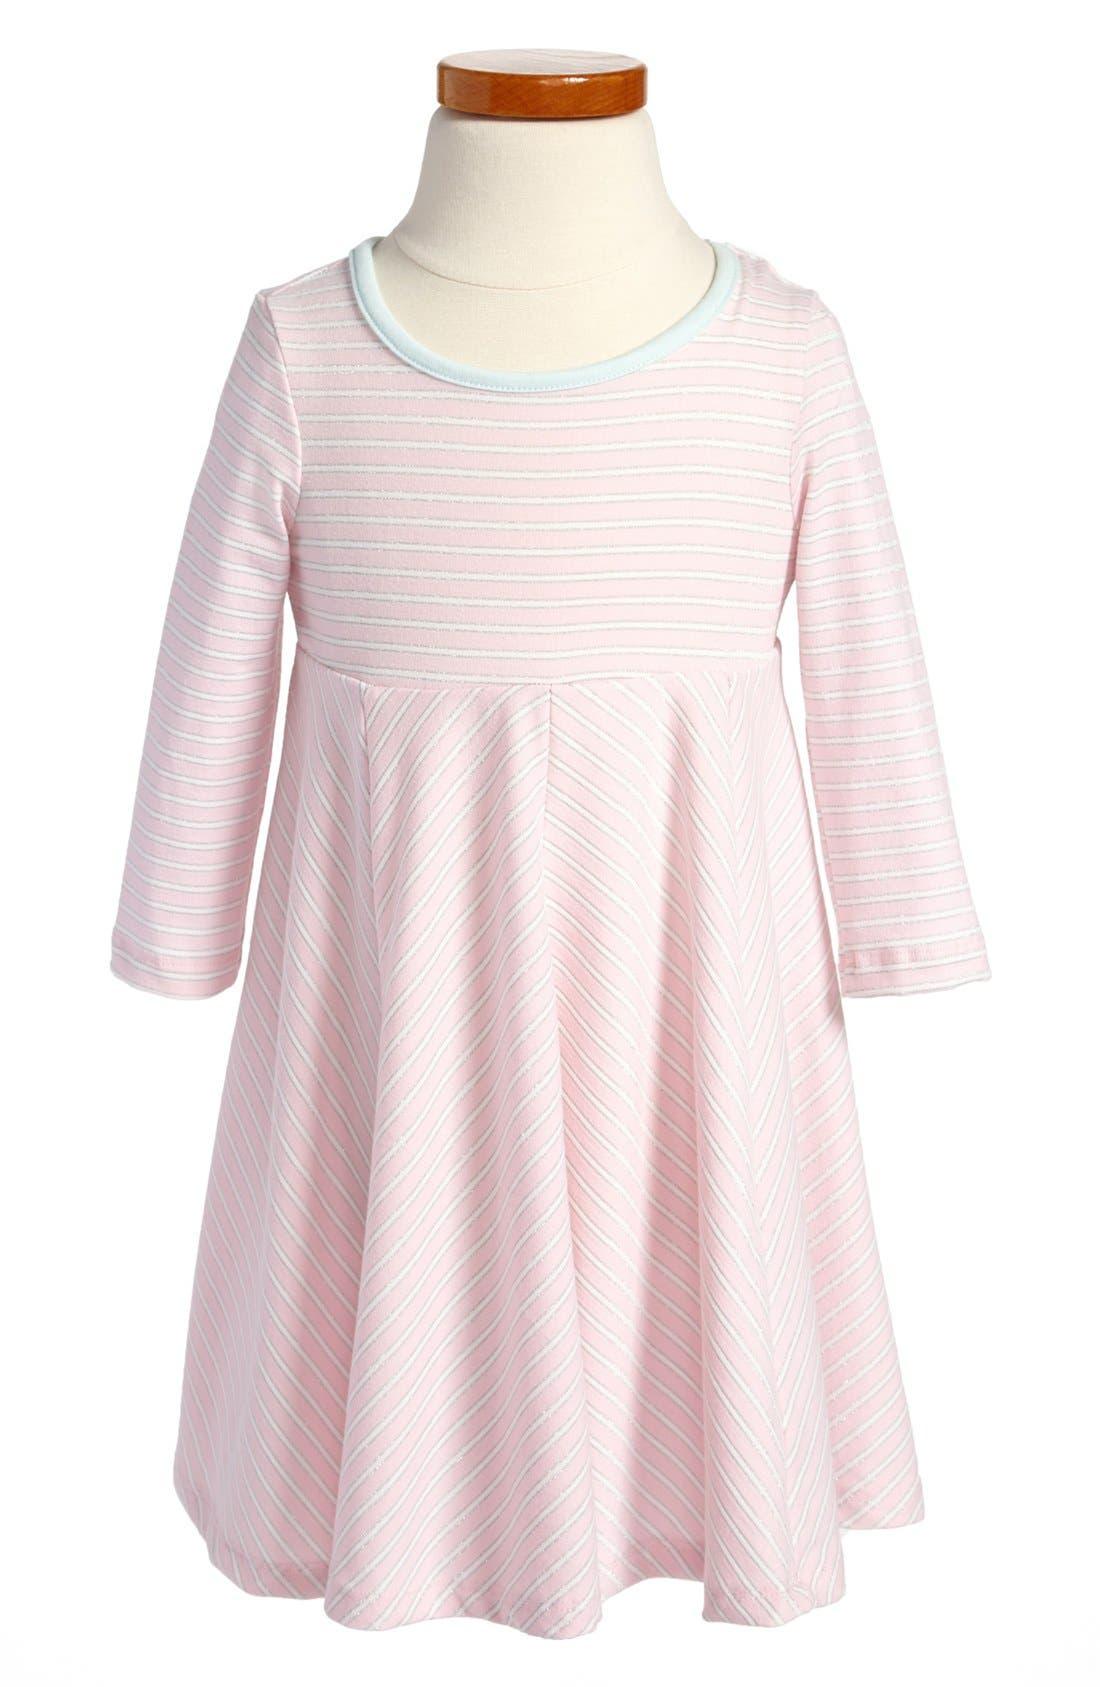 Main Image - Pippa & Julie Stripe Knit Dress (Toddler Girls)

...

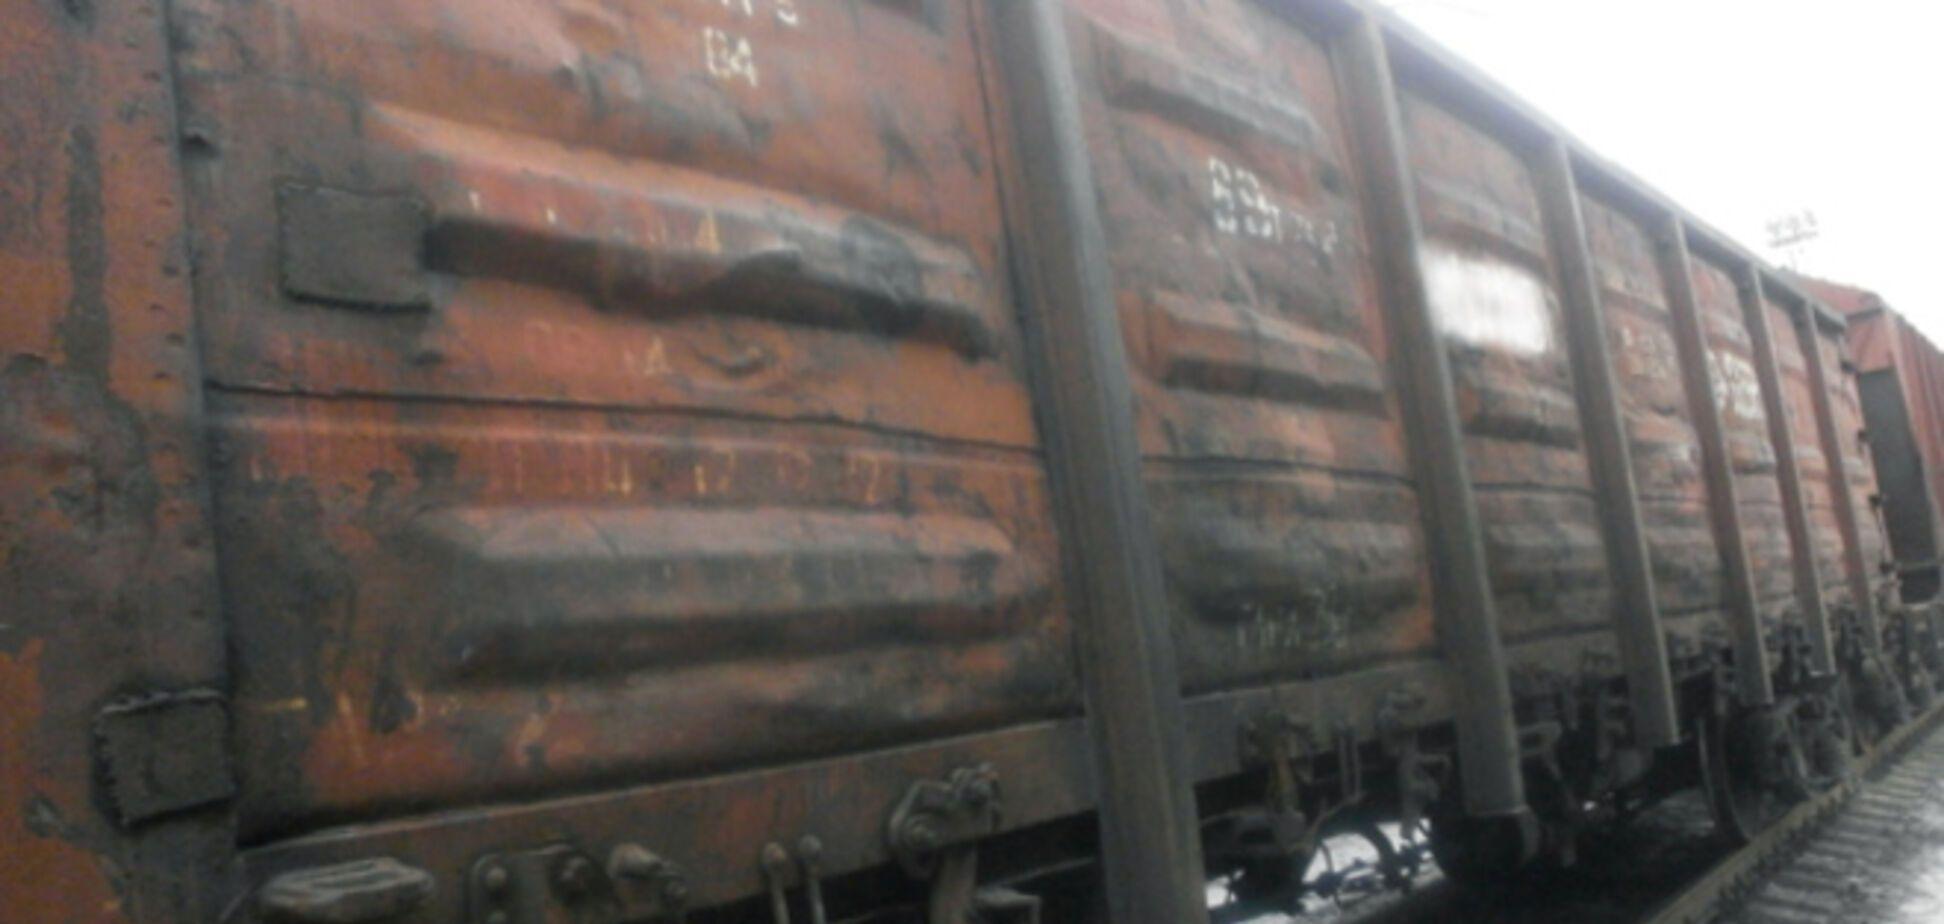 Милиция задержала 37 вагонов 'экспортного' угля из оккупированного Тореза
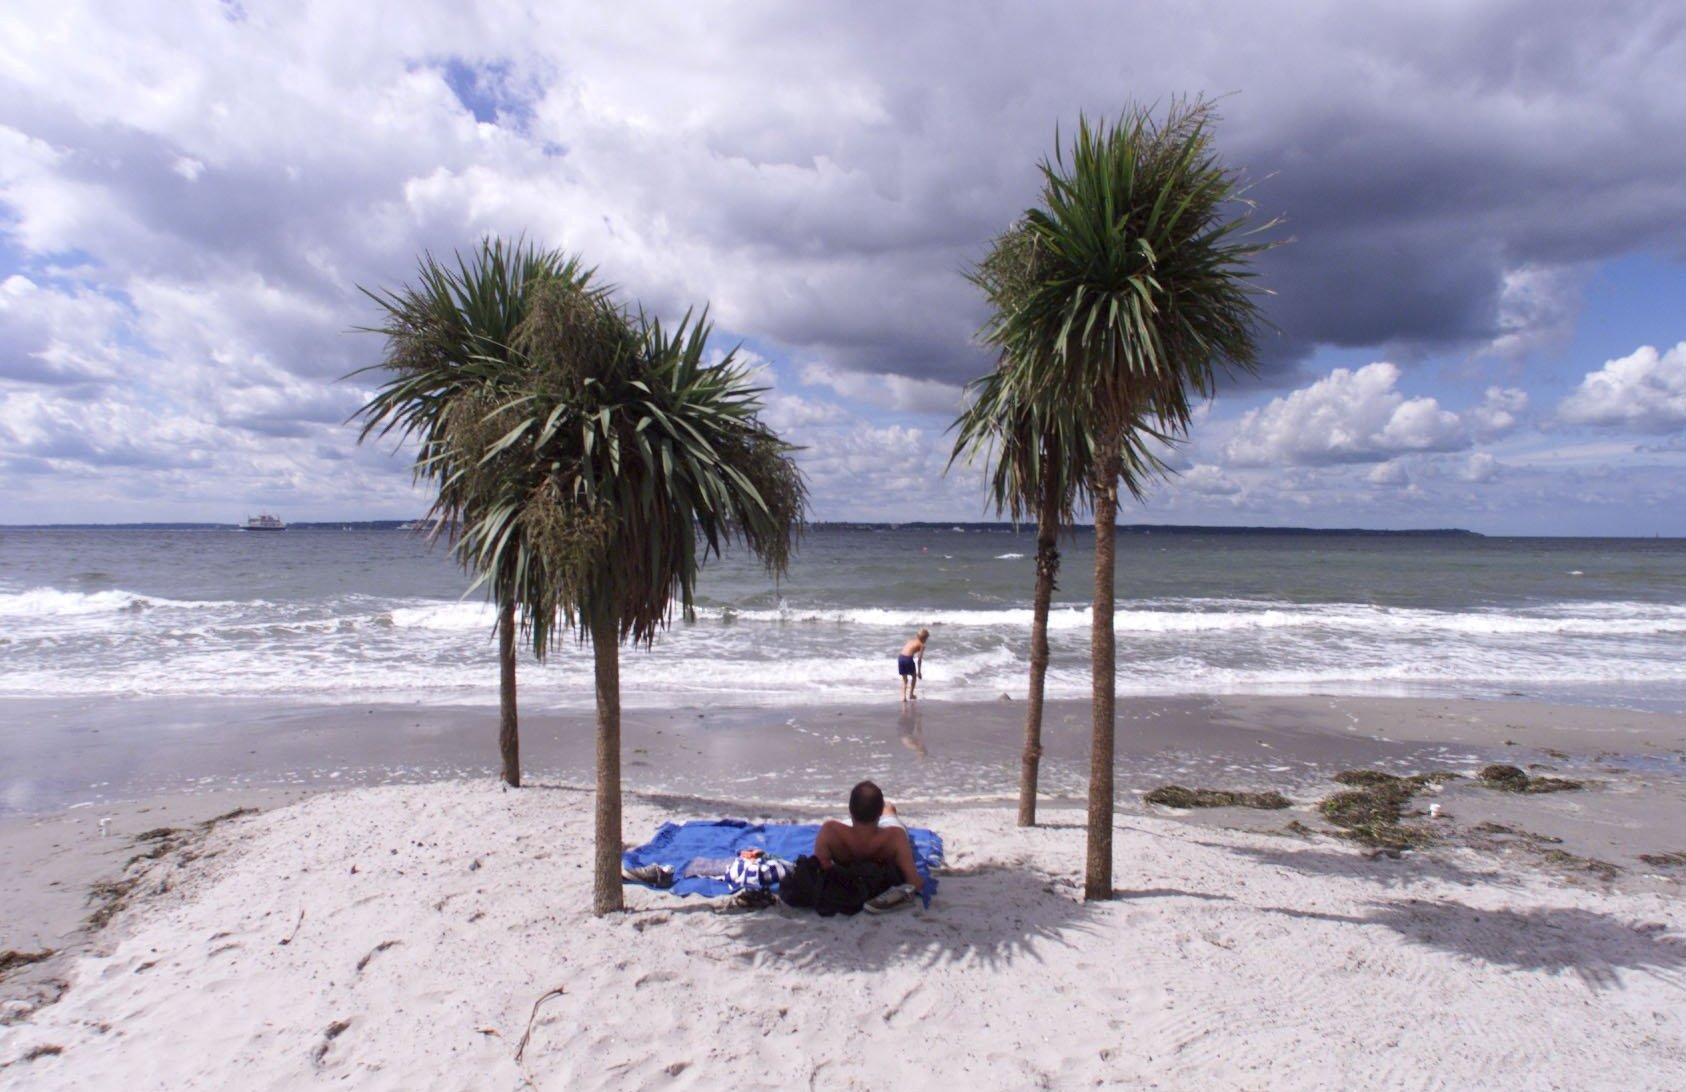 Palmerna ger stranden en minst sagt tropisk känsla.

Activity:
Because only one stretch of the records is wanted, please output the lines from the one holding "Милиция задержала 37" through the one holding "Palmerna ger stranden" exactly, both included, and leave every picture out.

Output below:
 Милиция задержала 37 вагонов 'экспортного' угля из оккупированного Тореза
 Palmerna ger stranden en minst sagt tropisk känsla.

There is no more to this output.